Return the entries that follow exactly, with no images.

Segment Start: Source data

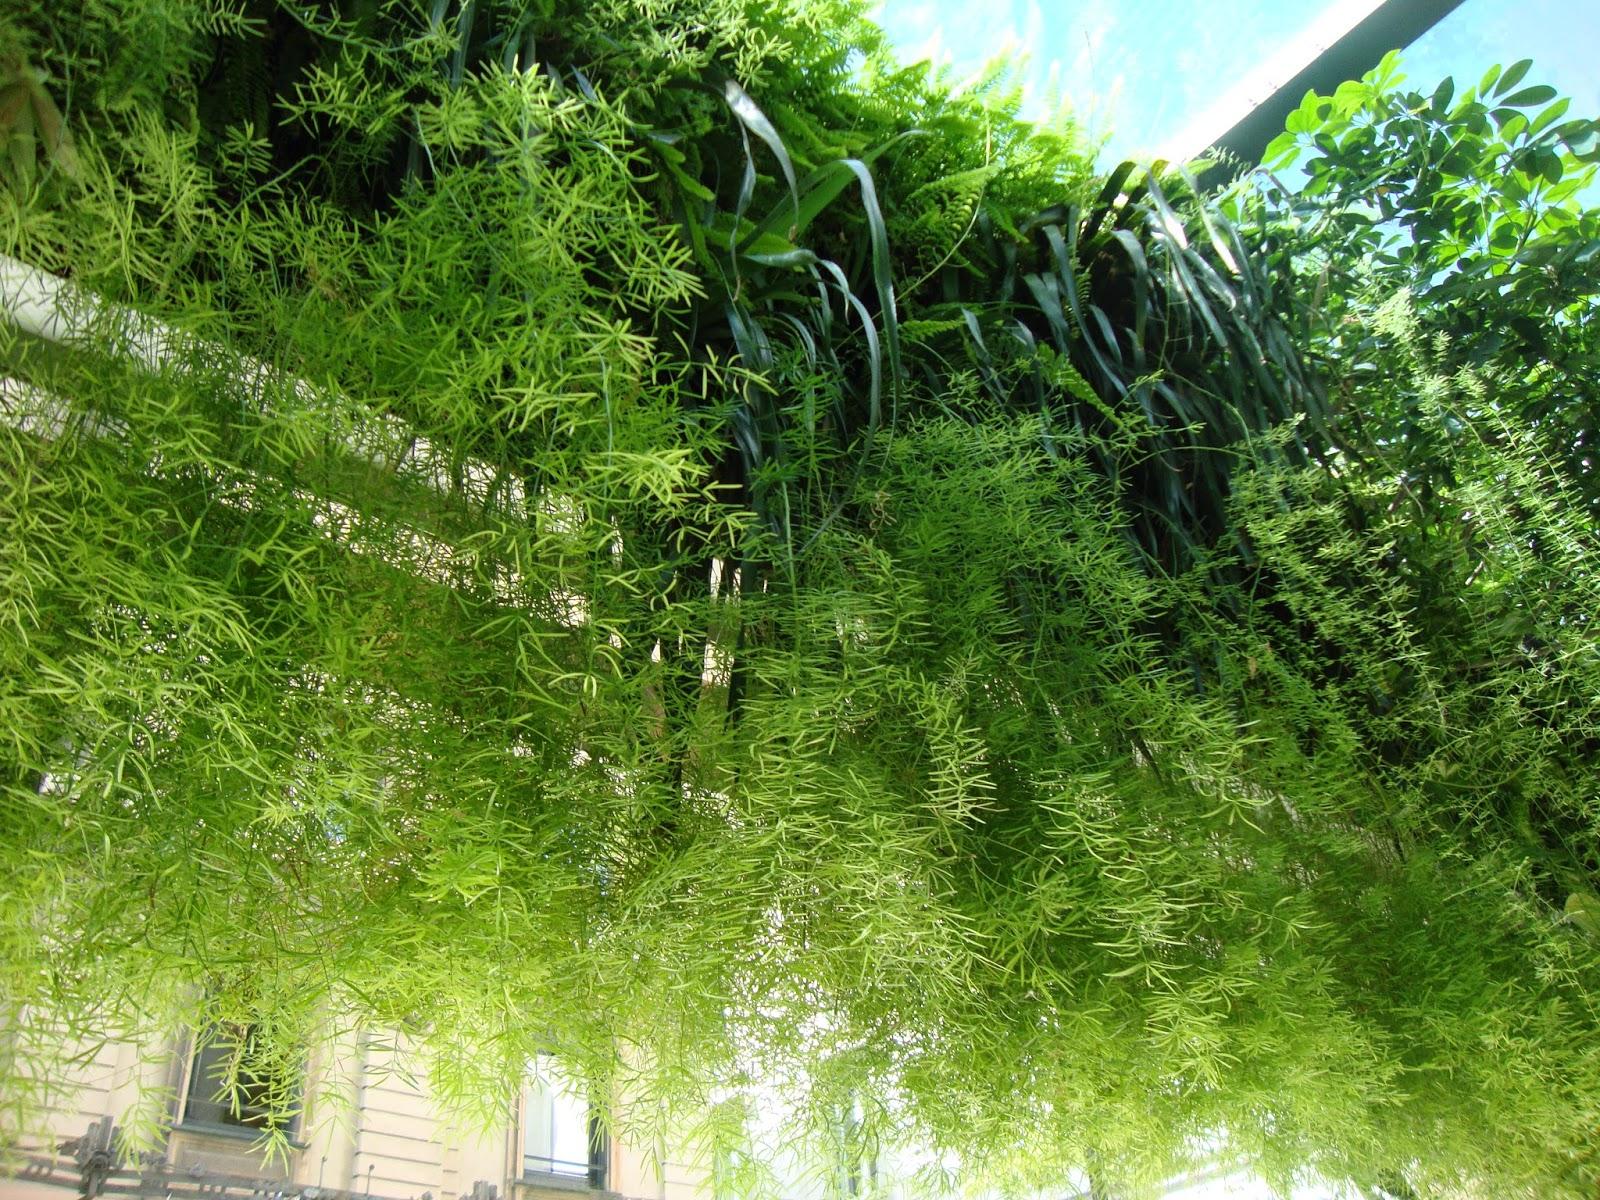 Un piccolo giardino in citt il giardino verticale di - Giardini verticali interni ...
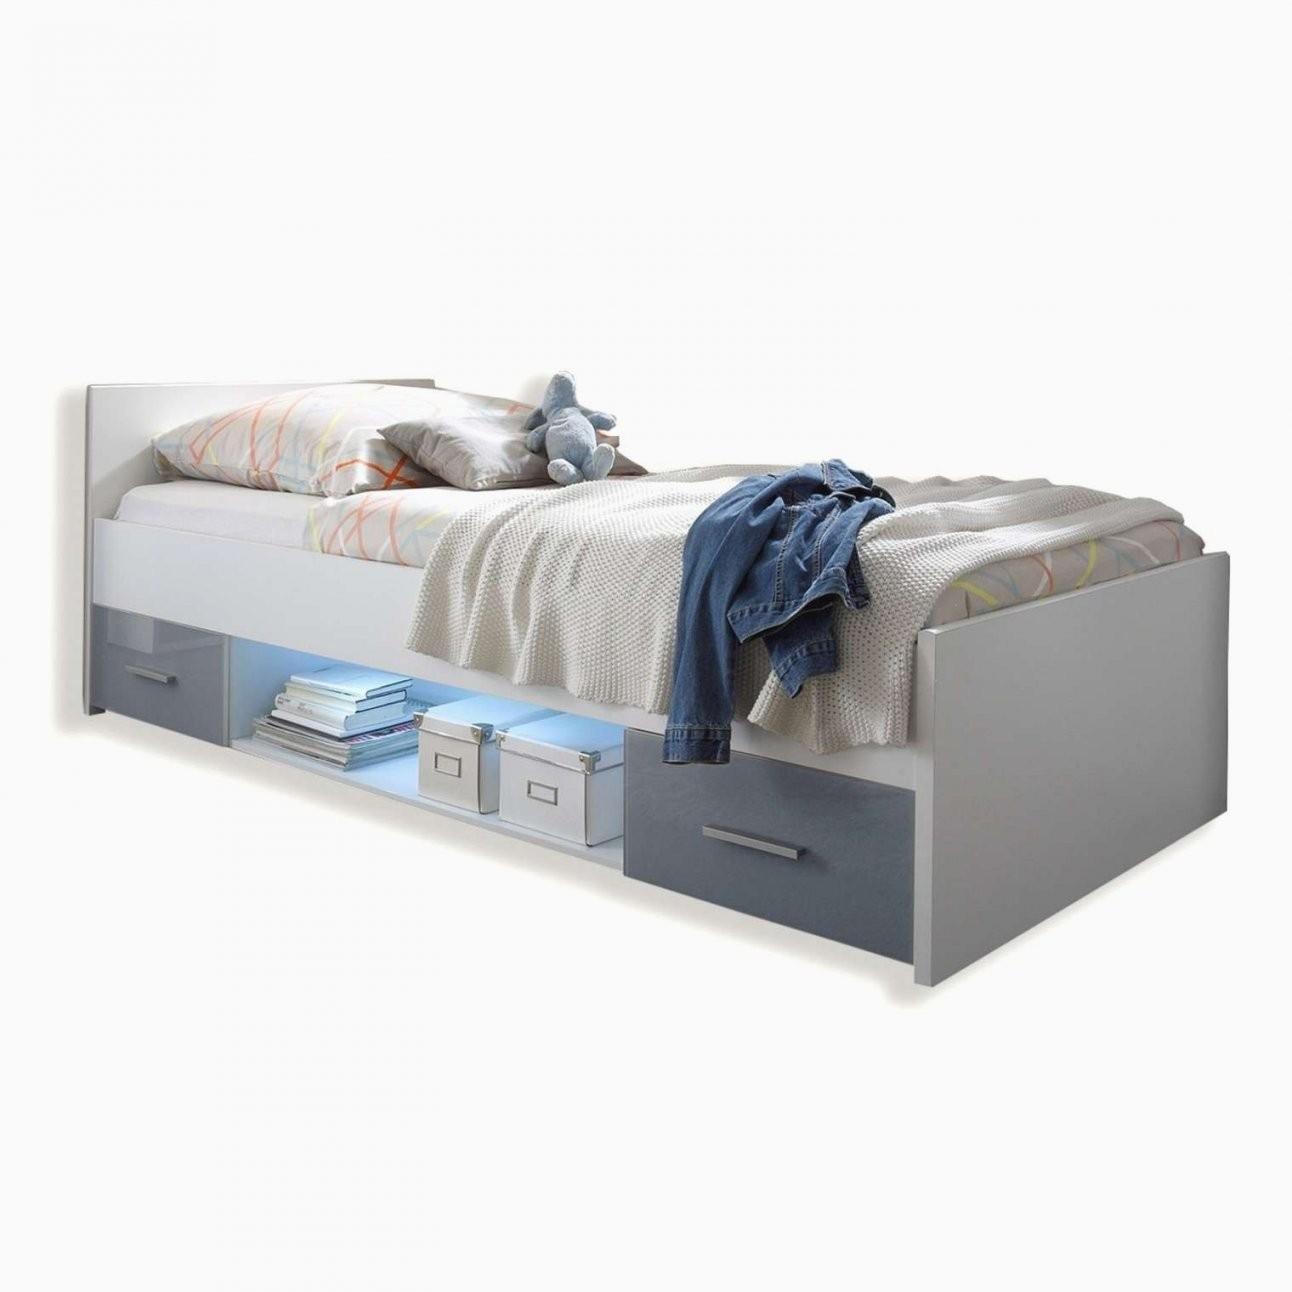 Polsterbett 90X200 Mit Bettkasten Frisch Funktionsbett 90—200 von Polsterbett 90X200 Mit Bettkasten Bild
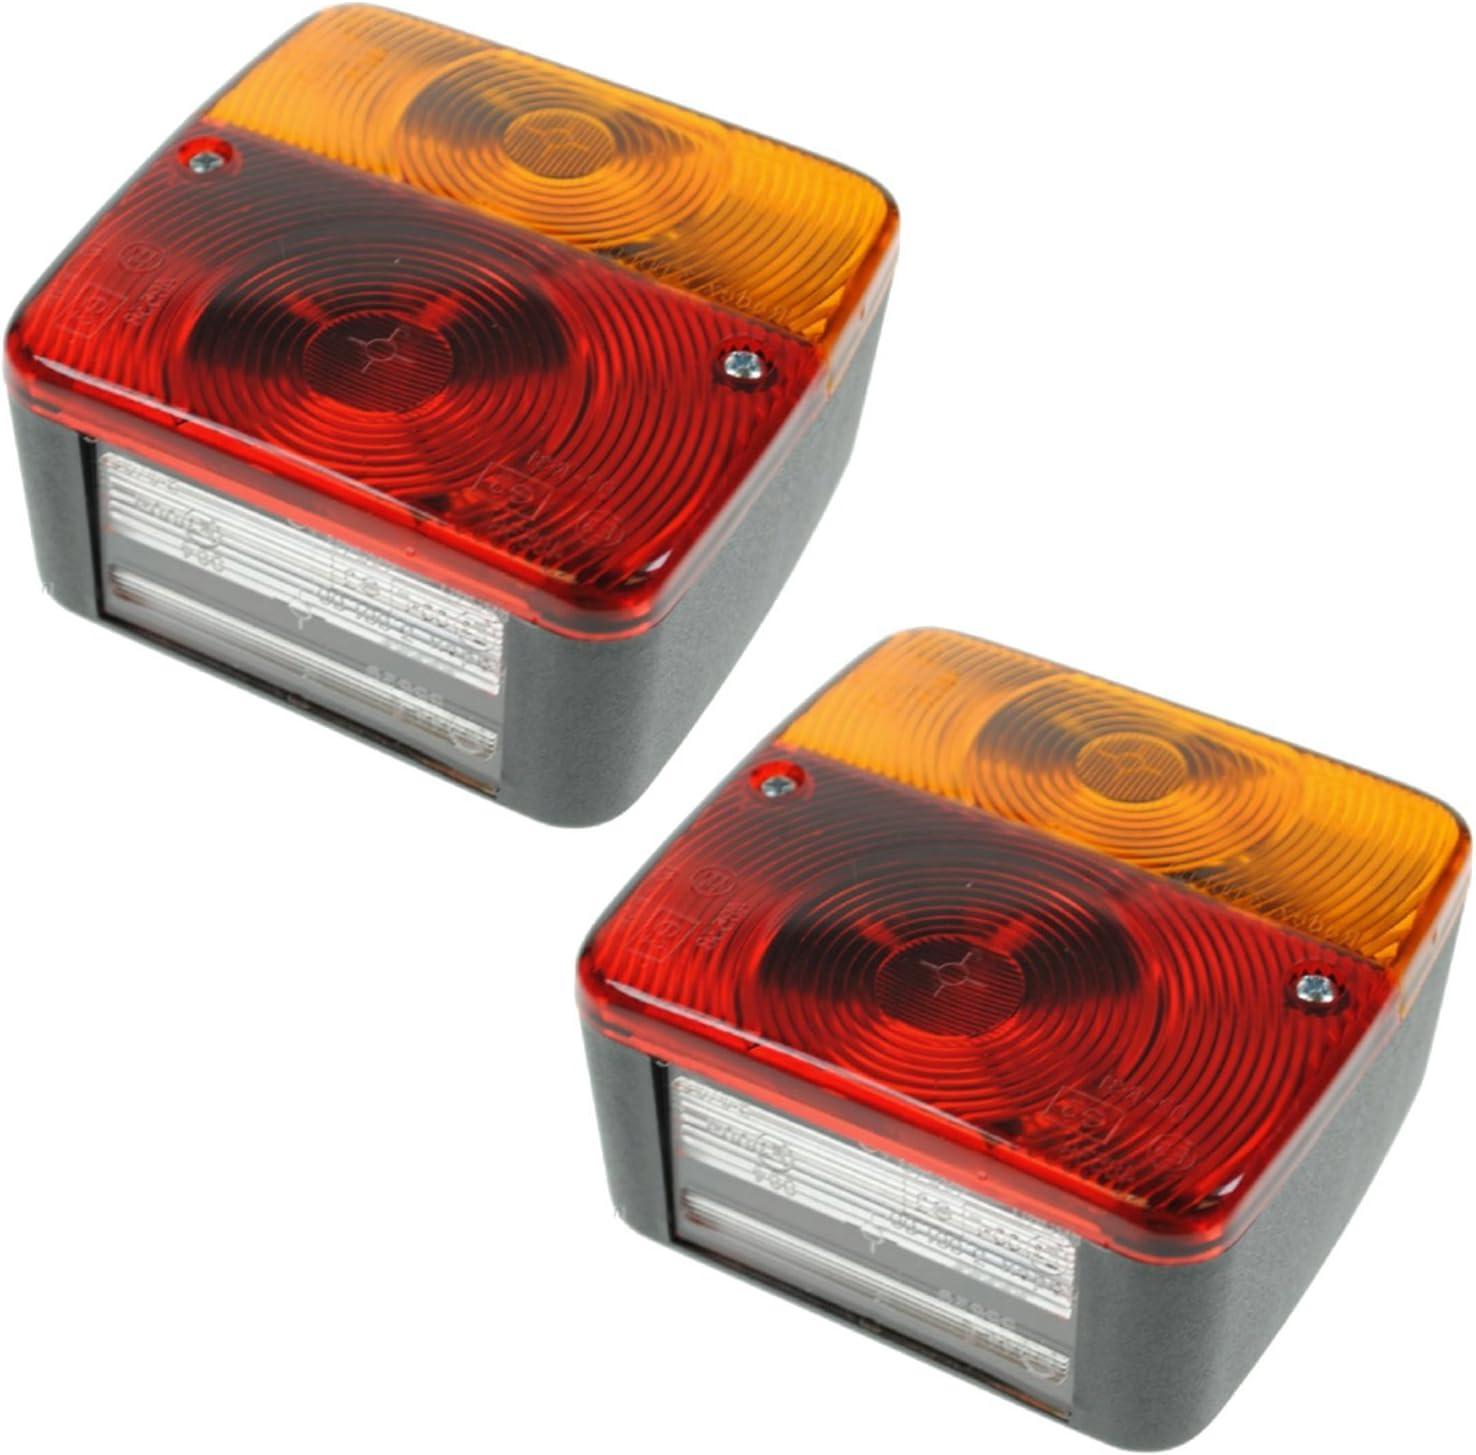 Quadratische Rücklichter Für Anhänger Oder Wohnwagen 4 Funktionen 2 Stück Auto
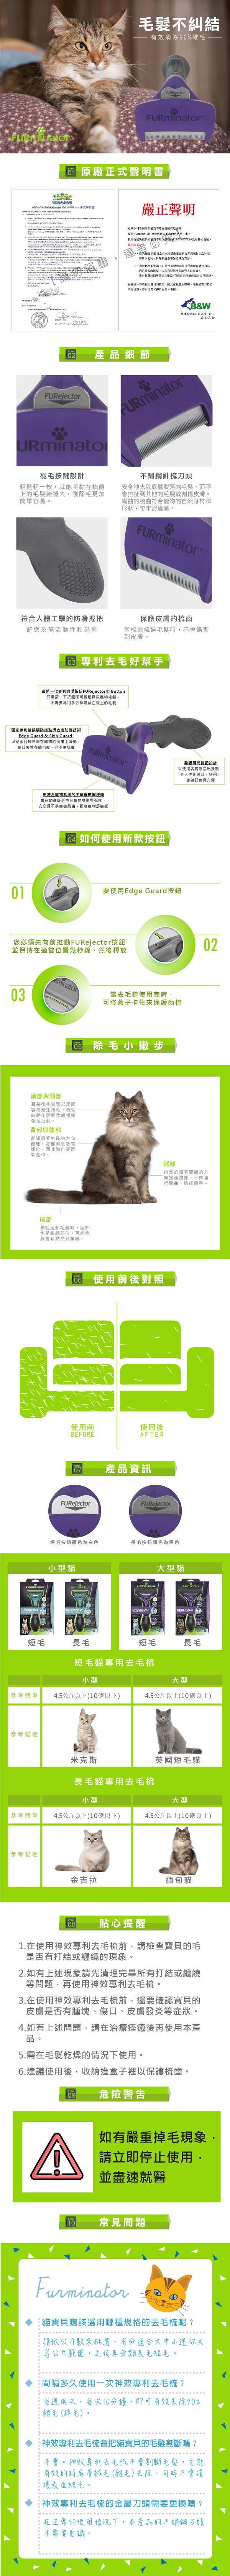 神效專利去毛梳-長毛大型貓4048422141280
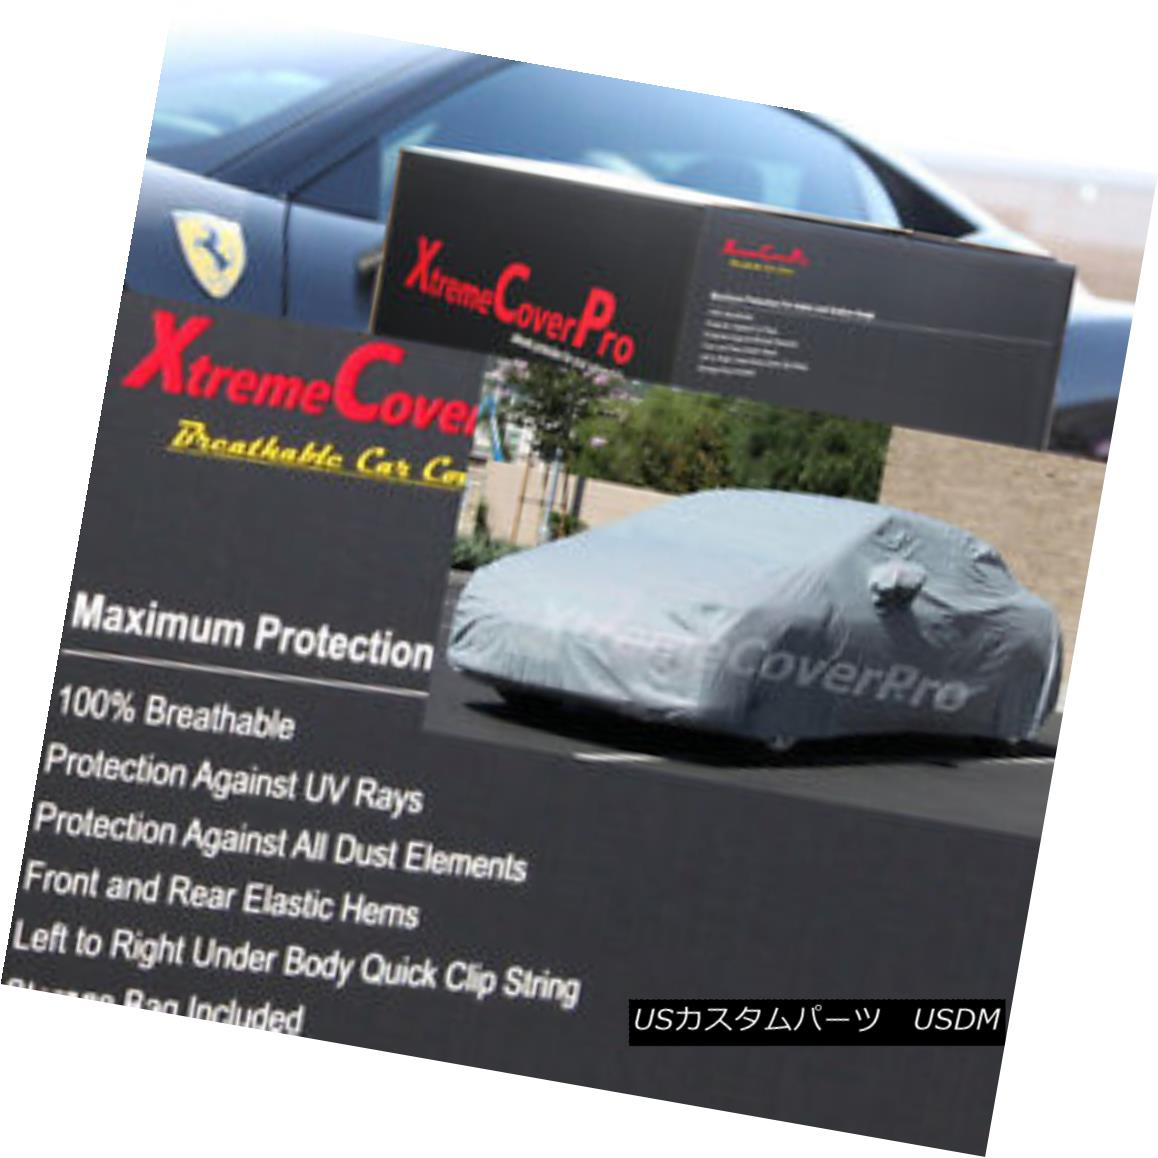 カーカバー 2004 2005 2006 Pontiac GTO Breathable Car Cover w/MirrorPocket 2004年2005年2006年Pontiac GTO通気性車カバー付き(MirrorPocket)
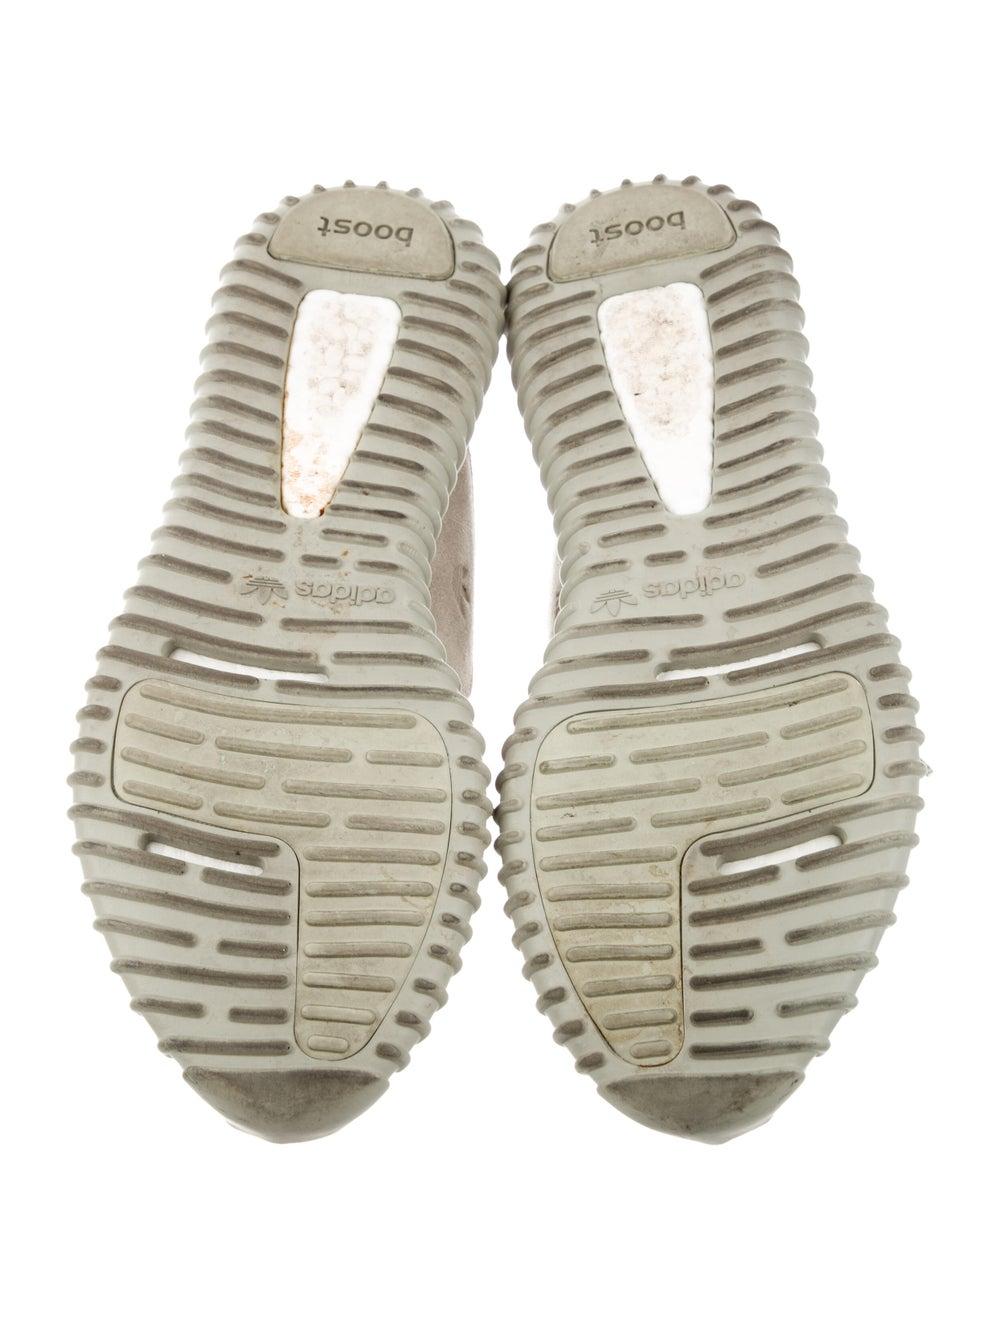 Yeezy x adidas Yeezy Boost 350 Moonrock Sneakers - image 5

Segment End: Source data

**Solution to this exercise**
 Un piccolo giardino in citt il giardino verticale di - Giardini verticali interni ...
 Polsterbett 90X200 Mit Bettkasten Frisch Funktionsbett 90—200 von Polsterbett 90X200 Mit Bettkasten Bild
 Quadratische Rücklichter Für Anhänger Oder Wohnwagen 4 Funktionen 2 Stück Auto
 神效專利去毛梳-長毛大型貓4048422141280
 カーカバー 2004 2005 2006 Pontiac GTO Breathable Car Cover w/MirrorPocket 2004年2005年2006年Pontiac GTO通気性車カバー付き(MirrorPocket)
 Yeezy x adidas Yeezy Boost 350 Moonrock Sneakers - image 5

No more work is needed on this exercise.